His life was in danger for some time and after he was returned to the States with a medical discharge, Asa was in a New York hospital for two months. Like so may men, he had been left with "shell shock." His wife and daughter traveled to New York to be with him and care for him.

Asa eventually returned to Bloomington and joined in the activities of a doctor and business man. He attended the funerals of other men he had served with. He joined the American Legion Post. He treated his patients and kept his office hours in his downtown office. Asa was even taking flying lessons and hoped to buy his own plane so he could "go for a spin" whenever he liked.

But on June 21, 1923, at midnight, Asa was ticketed for cutting a corner on the courthouse square. On July 16, 1923, his automobile was found on a secluded road outside Carlock, crashed into a bridge and burned down to the wheels. On February 21, 1925 his secretary left the office for lunch. When she returned, the examination room door was closed, and there was a slight smell of gas. She was not alarmed because gas was used by the doctor to treat certain illnesses. But as the smell grew stronger, she became alarmed and knocked on the door. It was locked, so she sought the help of men in the office building. The door was broken down and Asa Freeman was found with a hose nearby and a white cloth over his face.

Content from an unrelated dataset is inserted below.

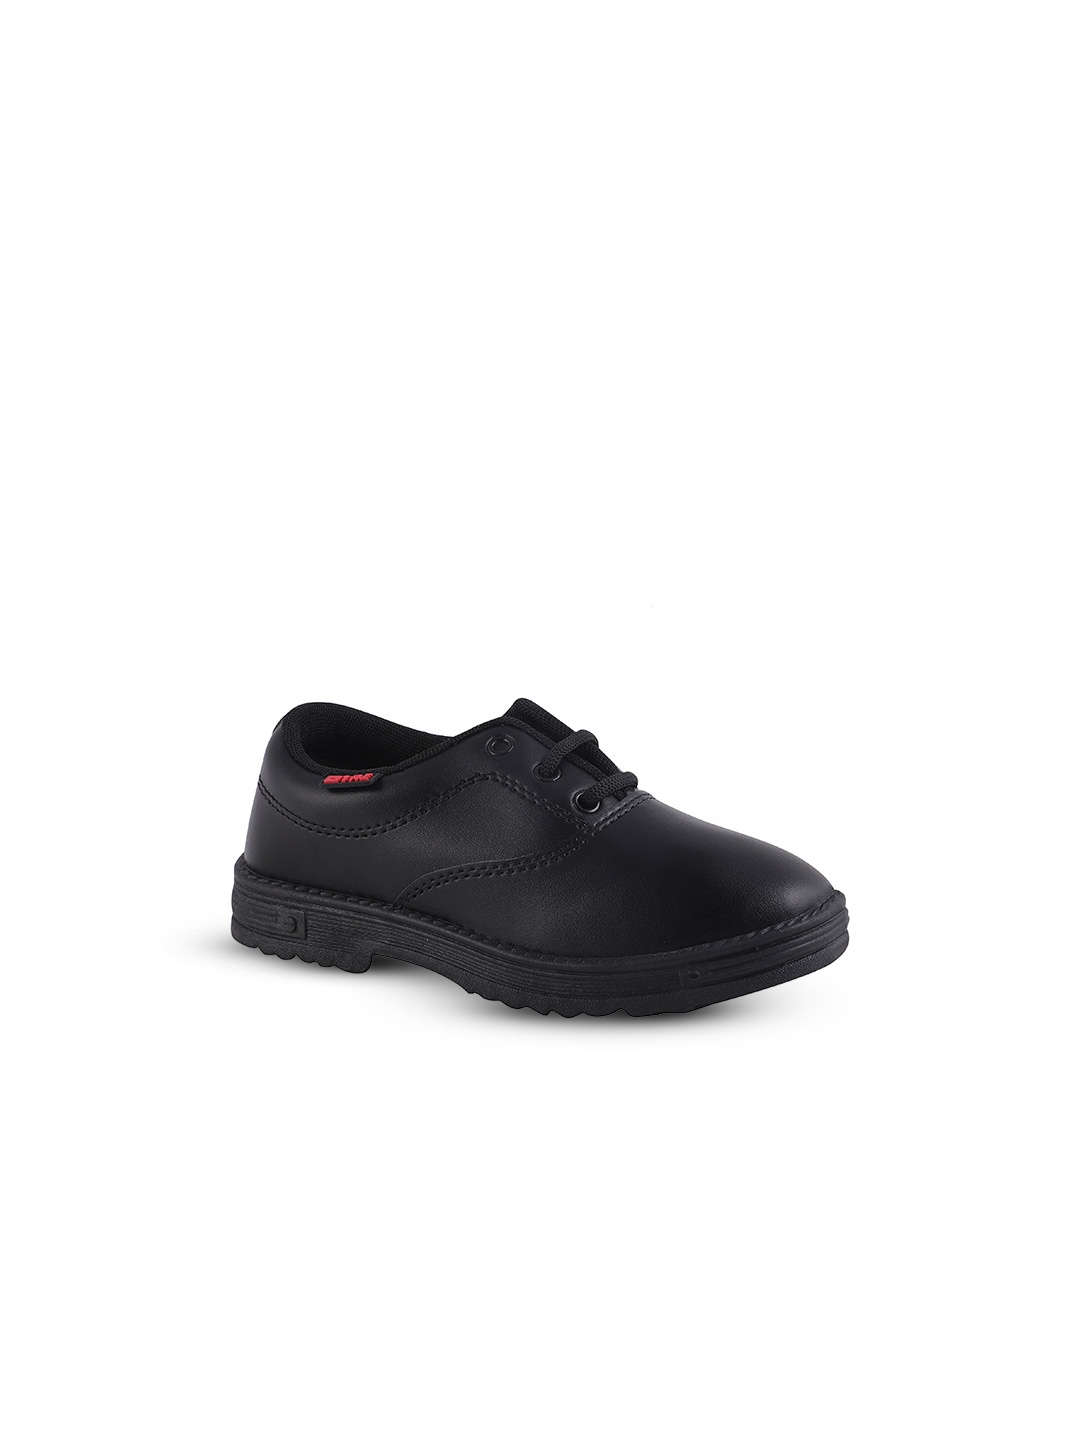 

BAESD Boys Comfort Insole Lightweight Sneakers, Black

The Pantagraph never asked why Dr. Asa Freeman took his own life. Perhaps everyone knew too well that Dr. Freeman had not been himself after the war.

Mrs. Freeman and daughter Muriel stayed in the home at 204 Woodland for just two more years. When Muriel was a Senior at BHS she was a poet and short story writer. Her final composition for the Aegis was a short story, about a short-tempered surgeon who was adored by a young nurse. Muriel left Bloomington for Northwestern University in 1927 and graduated from Northwestern before marrying Major Harvey Hopp. Asa's two Muriels lived the rest of their lives in the suburbs of Chicago. When Muriel VanSchoick Freeman died in 1952 they buried her in the Van Schoick family plot, leaving Asa Freeman alone at the Park Hill Cemetery west of Miller Park.